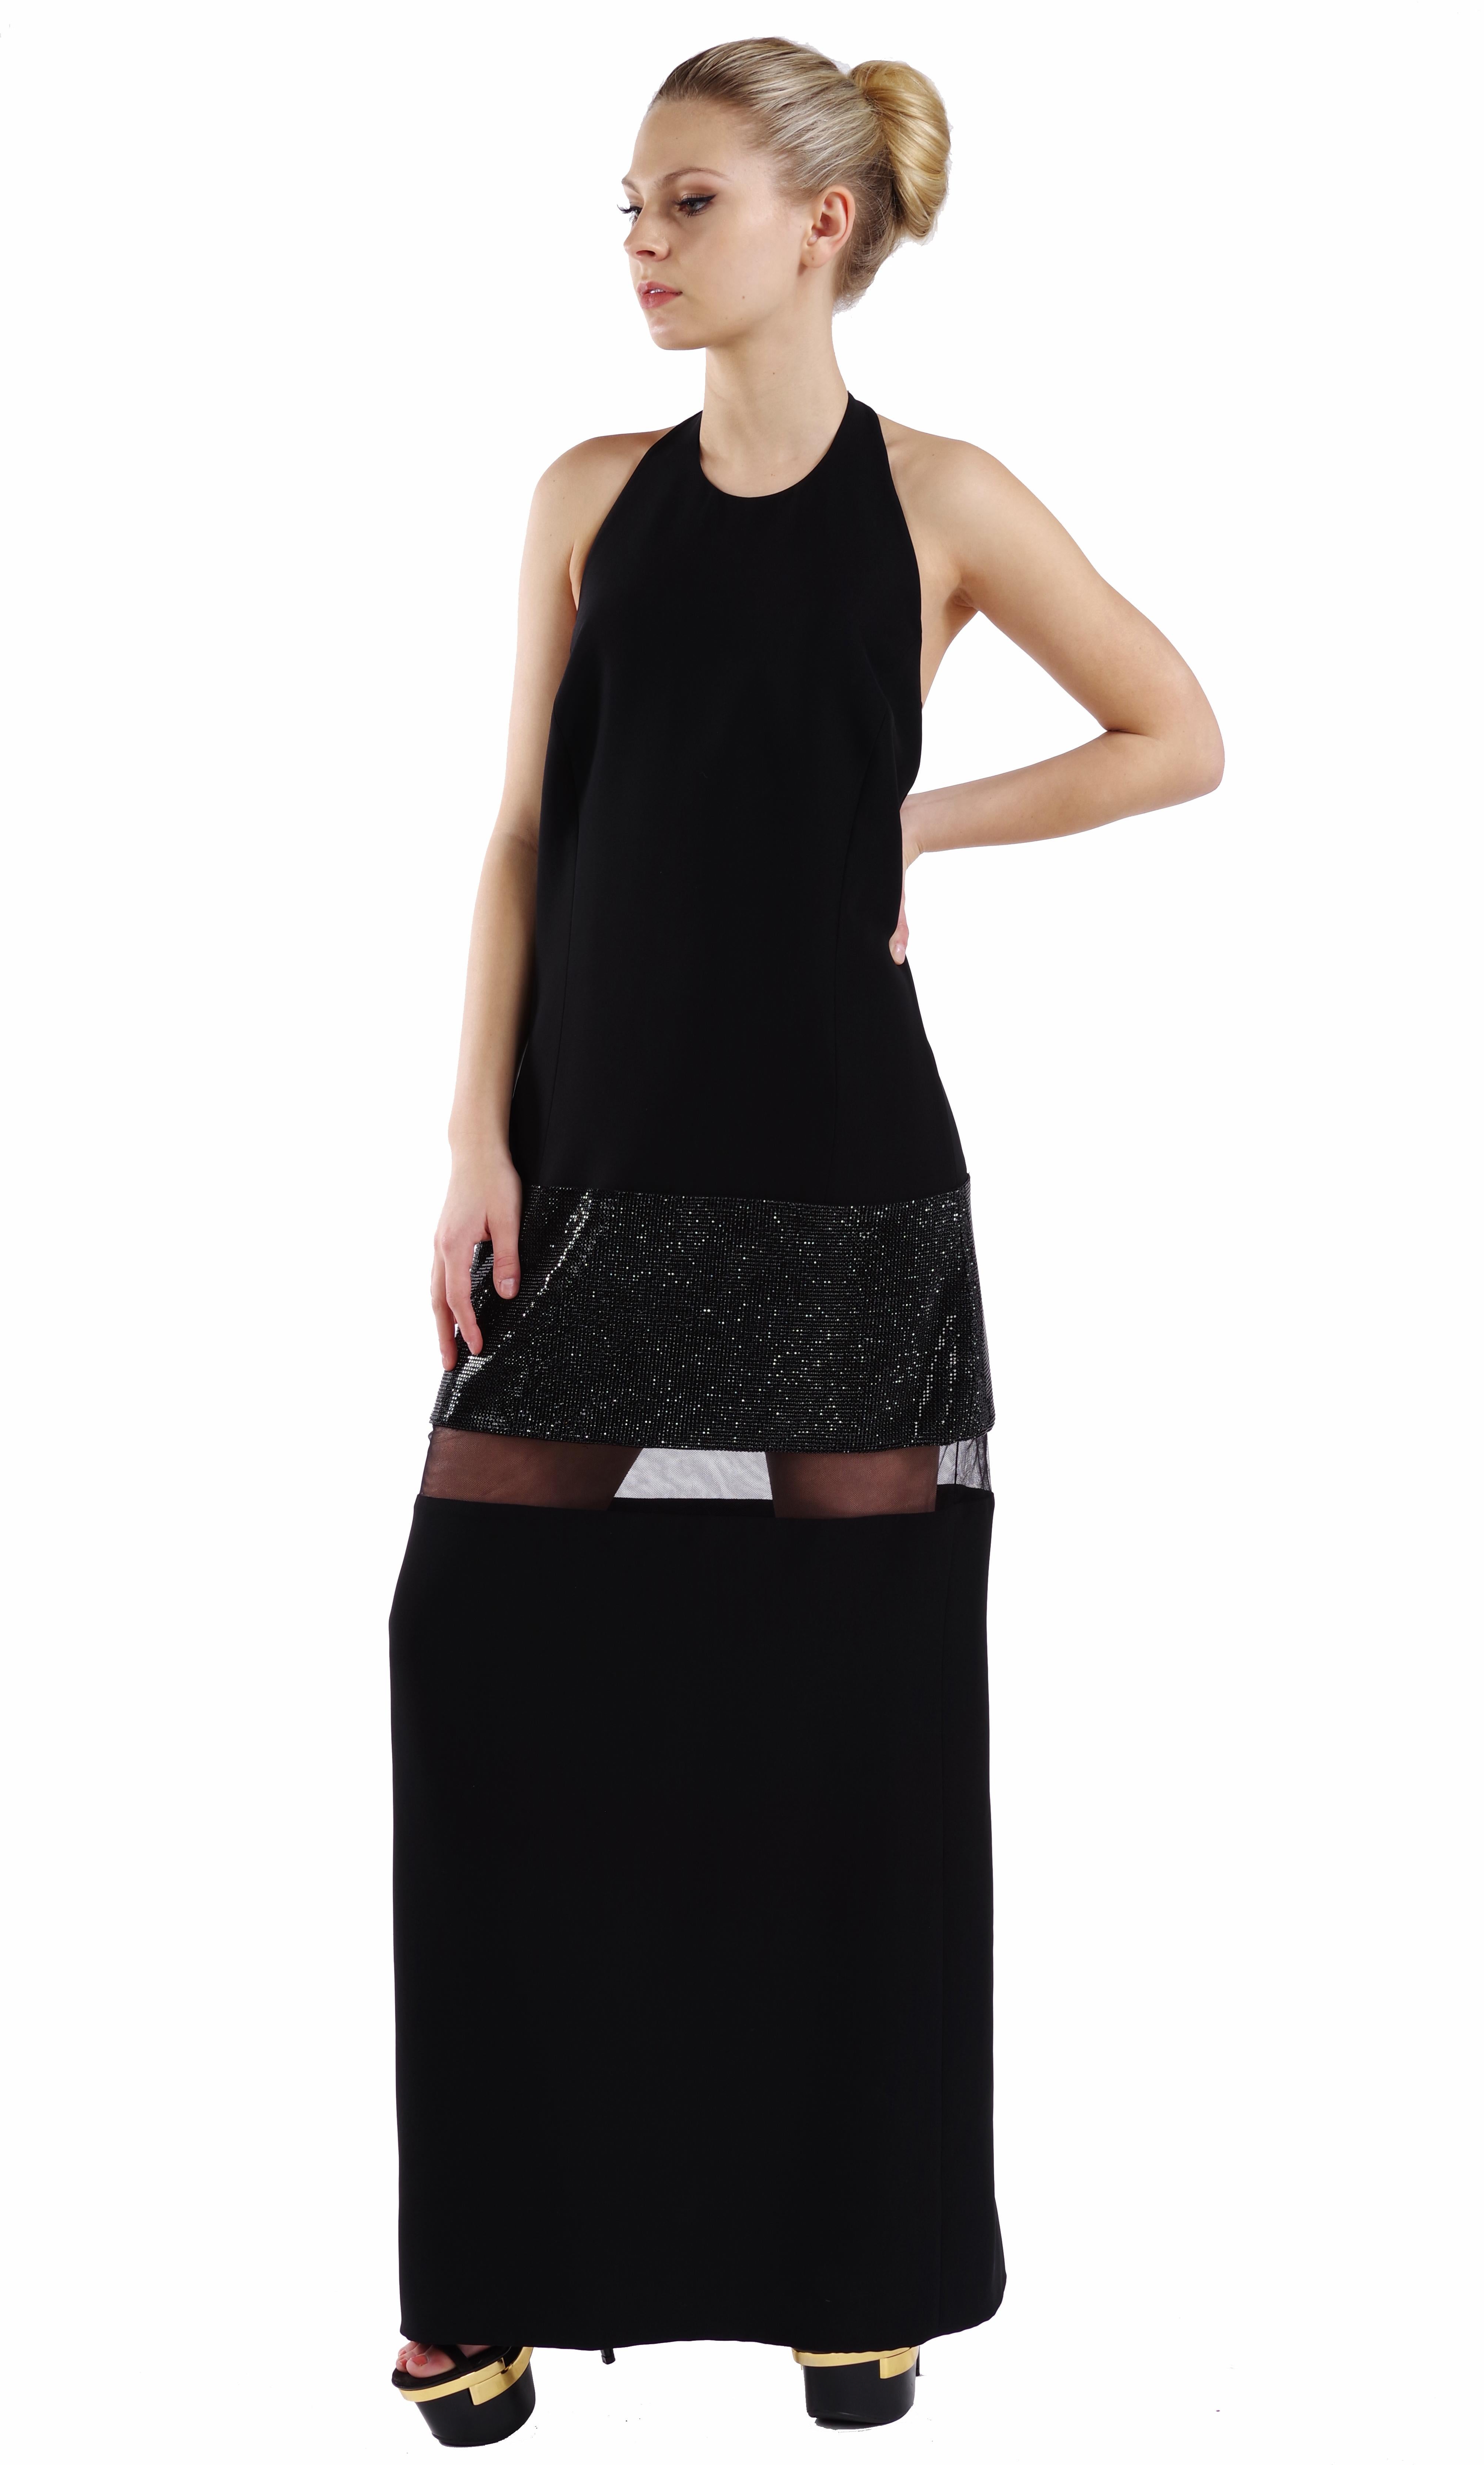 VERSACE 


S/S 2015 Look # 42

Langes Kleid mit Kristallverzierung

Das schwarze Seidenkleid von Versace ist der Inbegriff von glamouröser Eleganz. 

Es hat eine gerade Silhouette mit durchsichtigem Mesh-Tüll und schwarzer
=-=-=-=-=
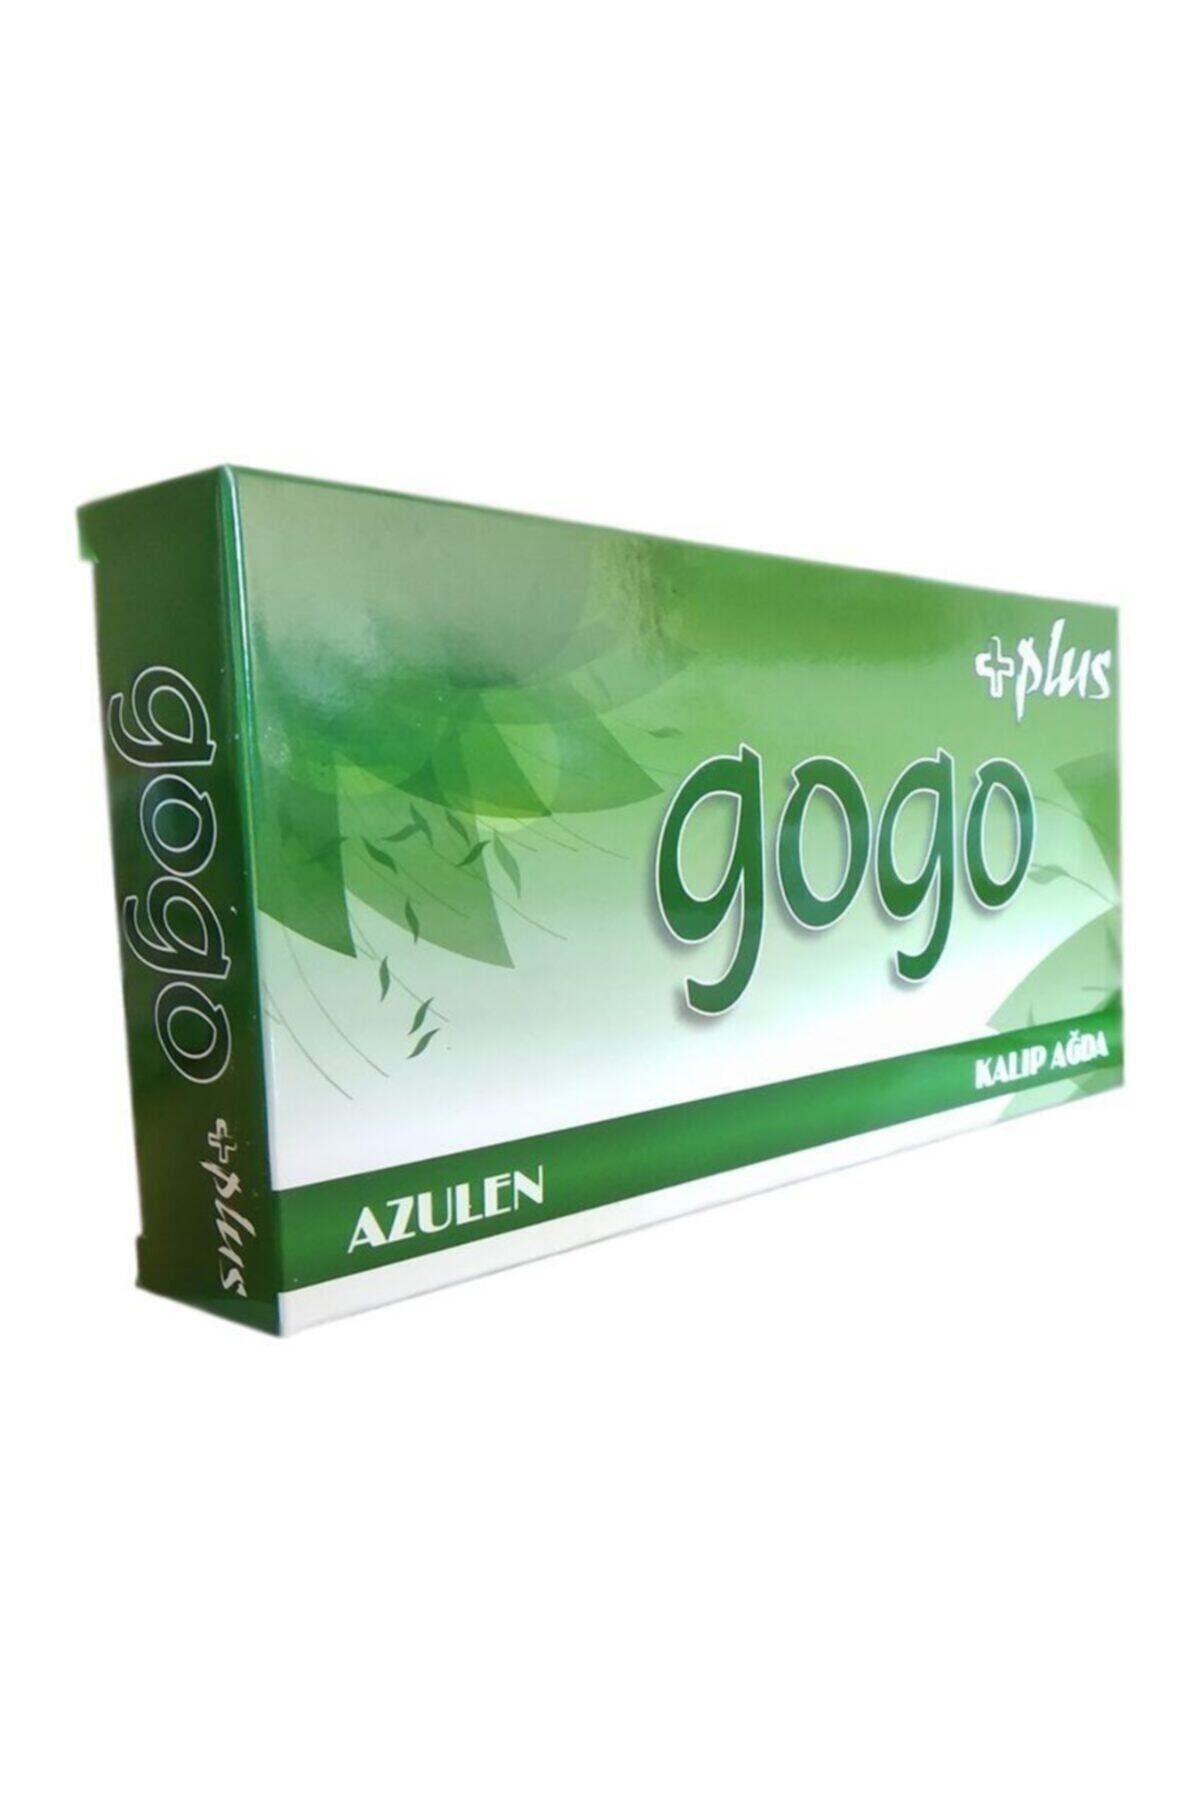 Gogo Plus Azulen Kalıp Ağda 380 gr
=-=-=-=-=
# YOUR TASK:
Keeping every character as it is, restate the lines above that run from the line with "Langes Kleid mit Kristallverzierung" through the line with "Es hat eine", both included, and nothing else.

# EXERCISE RESPONSE:
Langes Kleid mit Kristallverzierung

Das schwarze Seidenkleid von Versace ist der Inbegriff von glamouröser Eleganz. 

Es hat eine gerade Silhouette mit durchsichtigem Mesh-Tüll und schwarzer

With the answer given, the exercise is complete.